Für Fälle, in denen – anders als im jetzt entschiedenen Fall – die von der Suchmaschine aufgefundenen und als Vorschaubilder angezeigten Abbildungen von dazu nicht berechtigten Personen in das Internet eingestellt worden sind, hat der Bundesgerichtshof darauf hingewiesen, dass Suchmaschinenbetreiber nach der jüngsten Rechtsprechung des Gerichtshofs der Europäischen Union unter bestimmten Voraussetzungen für ihre Dienstleistungen die Haftungsbeschränkungen für Anbieter von Diensten der Informationsgesellschaft nach der Richtlinie 2000/31/EG über den elektronischen Geschäftsverkehr in Anspruch nehmen können (EuGH, Urt. v. 23.3.2010 – C-236/08 bis C-238/08 Tz. 106 ff. – Google France/Louis Vuitton). Danach käme eine Haftung des Suchmaschinenbetreibers erst dann in Betracht, wenn er von der Rechtswidrigkeit der von ihm gespeicherten Information Kenntnis erlangt hat.
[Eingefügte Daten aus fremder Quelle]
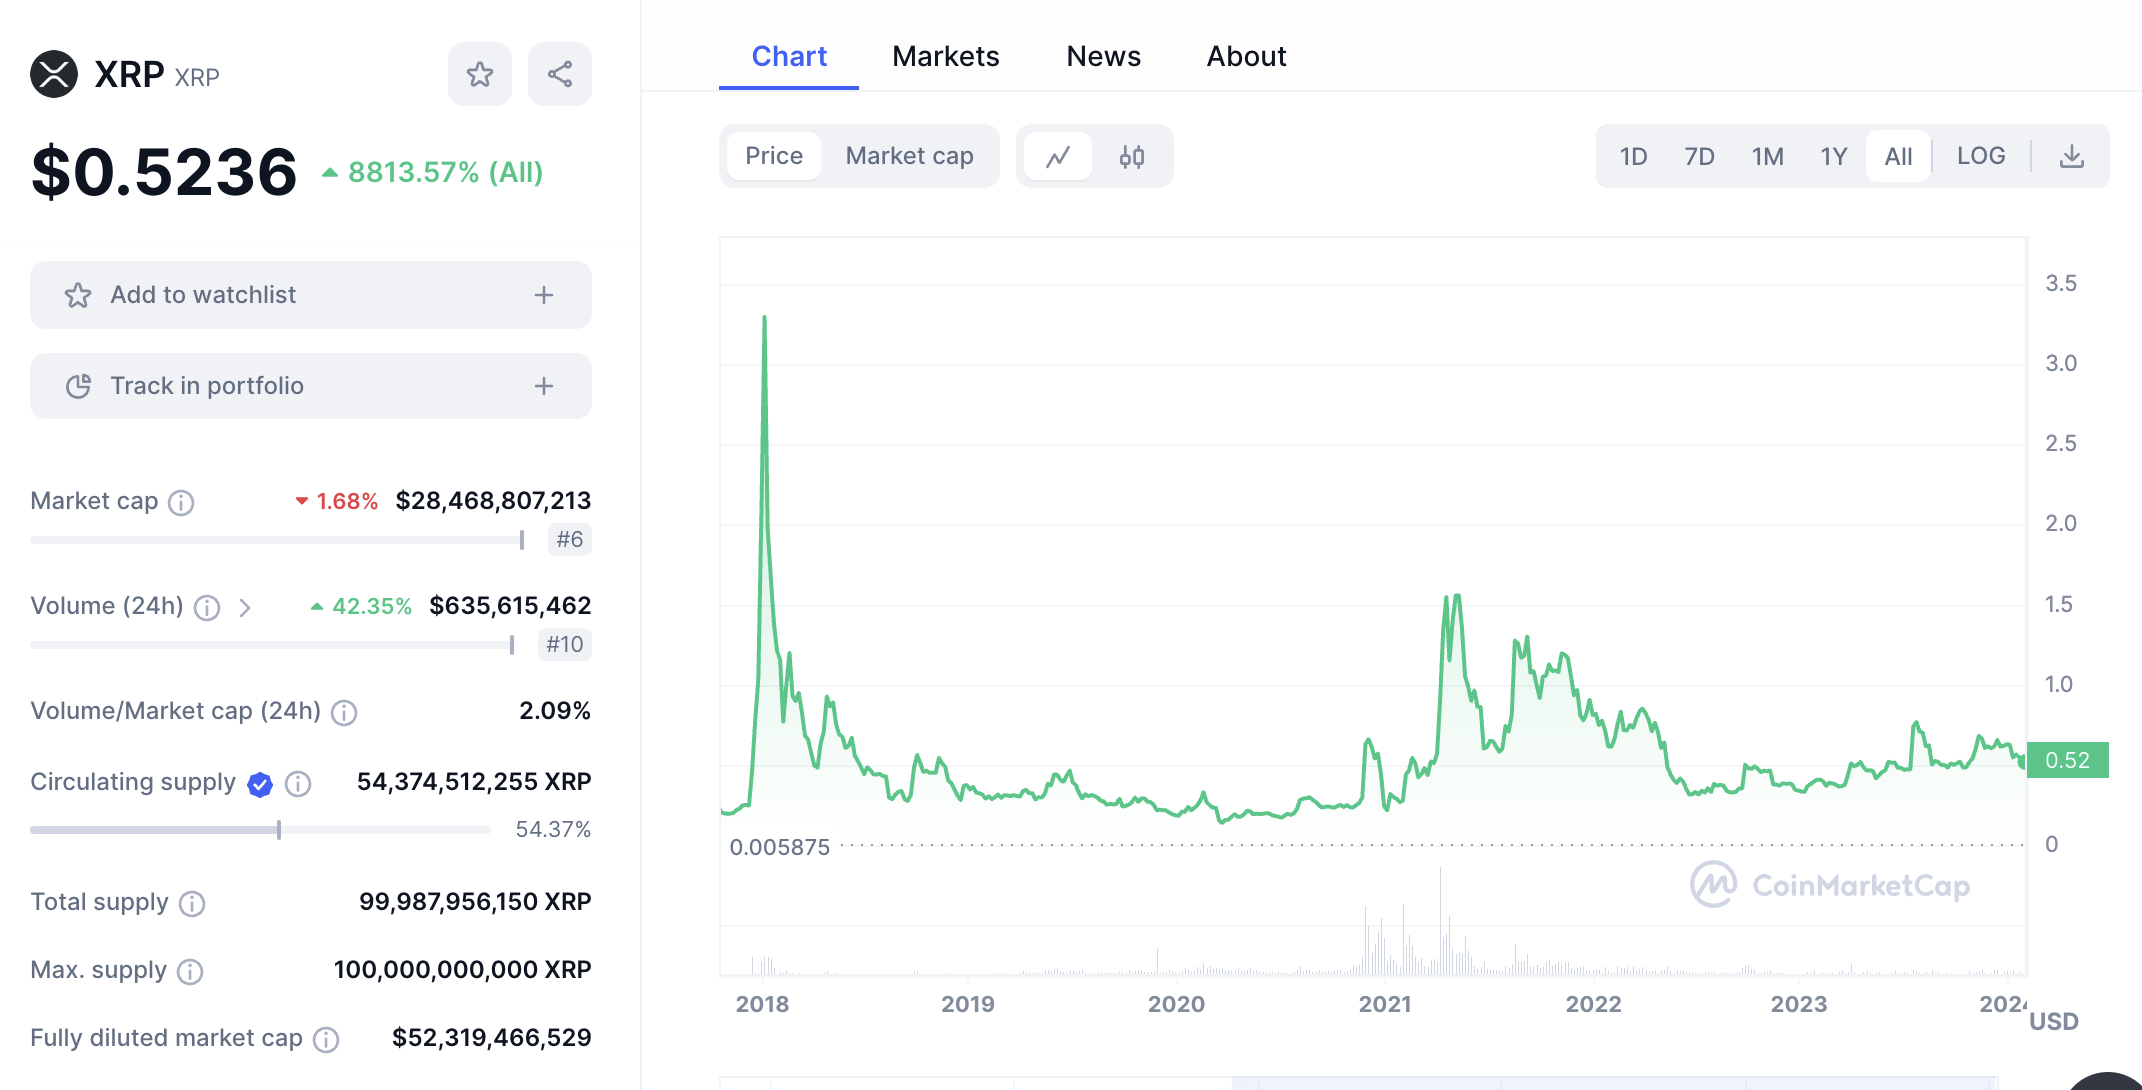 XRP since all-time high in 2018

Urteil vom 29. April 2010 – I ZR 69/08 – Vorschaubilder


Vielleicht hatte die Klägerin gehofft, sie könnte sich einen Teil der Werbeeinnahmen von Google für einen gewissen Zeitraum als Schadensersatz geltend machen. Zu einer Schadensersatzzahlung wäre es wohl kaum gekommen, sondern nur zu einer Auskunftsklage über Nutzung der Vorschaubilder durch Google und dann zu einem mehr oder minder lukrativen Vergleich.

  • Wer von den Suchmaschinen nicht gefunden werden will, kann dies auf seiner Website mit einem entsprechenden META-Tag — <META NAME=“ROBOTS“ CONTENT=“NOINDEX, NOFOLLOW“> —  unterbinden.
  • Wer nicht will, dass andere seine Bilder nicht anschauen, sollte sie am besten nicht ins Internet stellen.
  • Wer nicht will, dass seine Texte gelesen und verbreitet werden, kann sie in der Schublade oder auf seiner heimischen Festplatte lassen.